Empirical data used to test method

To validate our method we sequenced 50 bp + 35 bp paired-end libraries in 8 inbred adult C57BL/6 male mice (see supplemental material for details on the laboratory methods, quality control, and data processing). The number of reads per sample was on average 53.6 million. We could map 87% of the reads. Using d = 350 bp, the total number of isolated CpGs was 287,493 which corresponds to 1.4% of all CpGs in the C57BL/6 genome (build 9/NCBI37). In terms of uniquely mapped reads, an average of 184,853 reads per sample mapped to isolated CpGs. Fifty-two percent of the mapped reads (or 45% of total reads) satisfied our criteria for high quality read pairs meaning that they aligned uniquely with the right orientation and acceptable fragment size. We obtained the fragment size distributions from the paired-end data by subtracting the start positions of the successfully aligned read pairs. Although these fragment size distributions may not be perfect (e.g. only a proportion of the read pairs are used and the fragments tagged by these high quality pairs may not be completely representative of all sequenced fragments), they should provide a good opportunity to validate findings as the distributions are “observed” and do not require estimation.

Results

Simulation studies

Figure 2 depicts three fragment size probability mass functions, selected from our sequencing study in eight mice, which were calculated from the paired-end data as indicated above. The figure clearly shows non-normal distributions supporting our argument that non-parametric methods are needed to accurately characterize them. Part of the non-normality can be explained by size selection, a standard step in NGS library construction that aims at eliminating short and long fragments. The sharp decline in the number of fragments at around 230–240 bp seen for the kurtotic distribution, for example, is likely the result of successfully eliminating long fragments. Figure 2 also shows that despite the use of size selection and a standard protocol to fragment the DNA, considerable variation exists in the individual fragment size distributions. This suggests that fragment size estimation methods assuming the same distributional form for all samples are at risk for producing biased results.

Figure 2

Probability mass fragment size distributions. The three examples were obtained using successfully aligned read pairs our sequencing study in mice.
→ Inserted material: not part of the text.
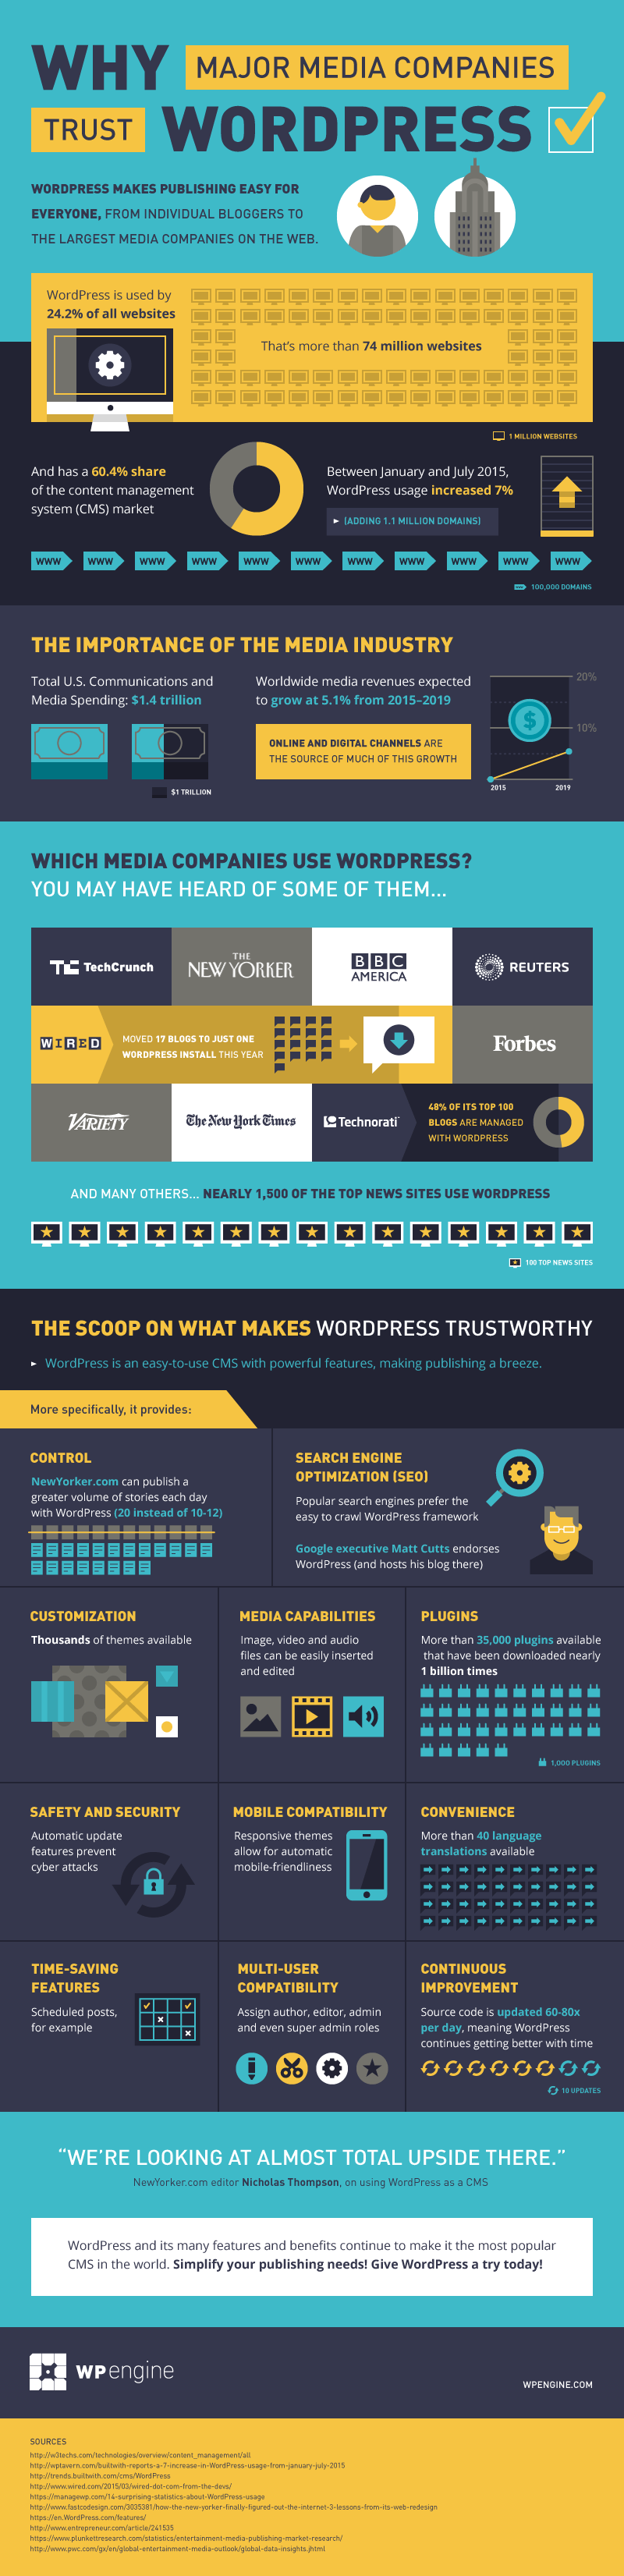 Why Major Media Companies Use WordPress - Infographic
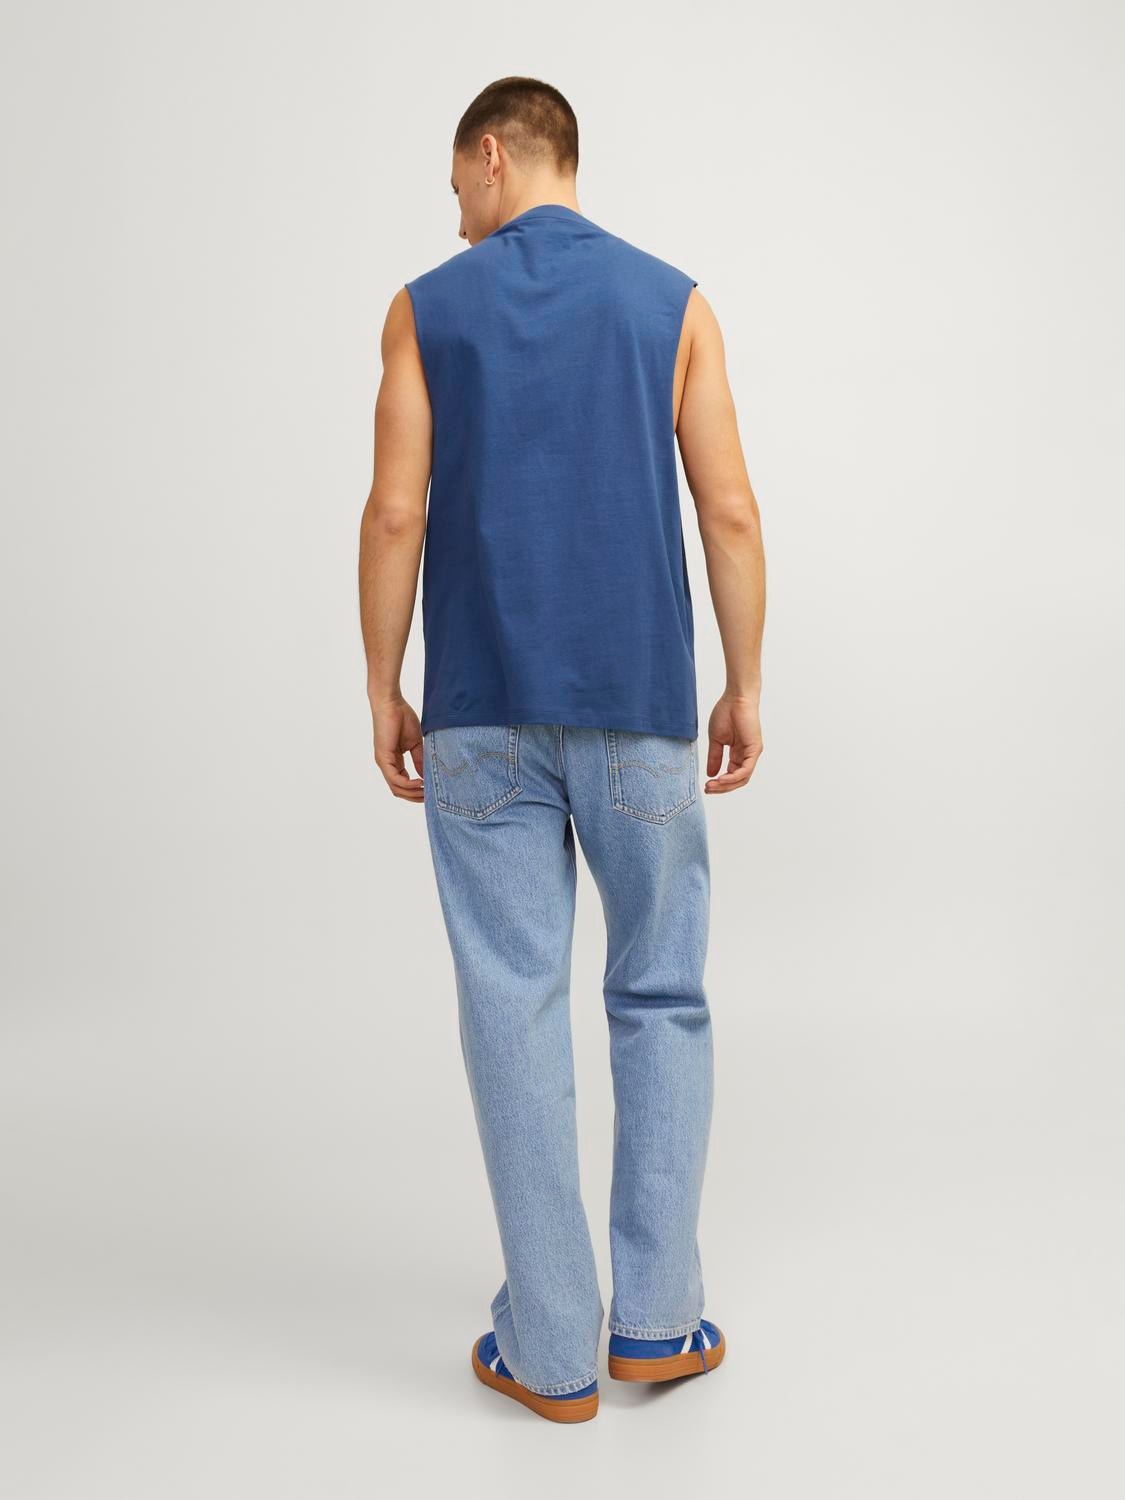 Jack & Jones T-shirt Estampar Decote Redondo -Ensign Blue - 12249131

Probability mass fragment size distributions. The three examples were obtained using successfully aligned read pairs our sequencing study in mice. To test our estimation procedure through simulations, we generated 10,000 random samples based on each of the three distributions in Figure 2. The number of reads with start positions close to isolated CpGs equaled 10,000, 25,000, 50,000, 75,000, or 100,000. The condition that assumes 100,000 reads is comparable to what we observe in our empirical data. The other conditions enable us to get a sense of the robustness of our method in case fewer reads would be available. To assess the precision of our estimator, we first calculated the mean difference and absolute mean difference between the estimated coverage function and the real coverage function used to simulate the data, and then averaged these differences across all possible read start positions. When subsequently averaged across the 10,000 simulated samples, the mean difference provides information about whether there are systematic differences (=bias) between estimated and true coverage functions. To obtain a measure of the variability of the estimated coverage functions, we also calculated the standard deviation of the mean difference in the 10,000 simulations. Finally, the mean of the absolute differences across the 10,000 simulations provides an overall measure of precision that incorporates both systematic differences and the variability of the estimates. All three statistics in Table 1 show that precision increased with sample size. The mean was very close to zero, suggesting that the estimates were unbiased. The small standard deviation and mean absolute difference suggested that our method was precise. In addition to sample size, the fragment size distribution type affected the precision of the estimates (see Additional file 1: Figure S1). The least precise estimates were obtained for the kurtotic distribution and the most precise estimates for the distribution that was positively skewed. In Table 1 results for the kernel-based method are shown but those obtained using cubic splines were almost identical.

Table 1

Summary of simulation results comparing estimated and true coverage curves with different numbers of reads

# reads	10,000	25,000	50,000	75,000	100,000
Mean	−0.00017	−0.00018	−0.00024	−0.00034	−0.00060
Standard deviation	0.00693	0.00444	0.00323	0.00263	0.00212
Absolute difference	0.01225	0.00827	0.00613	0.00512	0.00461

Summary of simulation results comparing estimated and true coverage curves with different numbers of reads Figure 3 displays estimated coverage functions for the condition with 50,000 reads. The Additional file 1: Figure S2 a-d shows similar plots for the conditions with 10,000, 25,000, 75,000, and 100,000 reads. Results are shown for the three fragment size distributions depicted in Figure 2 that were used to simulate the data, where the coverage function implied by these three distributions is depicted as well. Figure 3 shows that the mean of the estimated coverage functions across all 10,000 simulations almost perfectly traced the coverage function used to generate the data. This suggests that our estimation procedure is unbiased. The figure also displays an example of a coverage function that has a mean absolute difference identical to the 99th percentile of all 10,000 estimates. The fact that this curve is also very close to the true coverage function suggests that the variability is modest and that our method almost always yields a good approximation to the actual function. Further analyses showed that our method is robust, because even with as few as 10,000 reads (Additional file 1: Figure S2a) with start positions around isolated CpGs, the estimation is precise.

Figure 3

Selection of estimated coverage functions for simulation conditions with 50,000 reads. The three fragment size distributions depicted in Figure 2 were used to simulate the data, where the coverage function implied by these three distributions is represented by the solid lines. The dashed lines indicate the mean of the estimated across all 10,000 simulations. The dotted line is an example of an estimated coverage function that has mean error identical to the 99th percentile of the 10,000 estimates.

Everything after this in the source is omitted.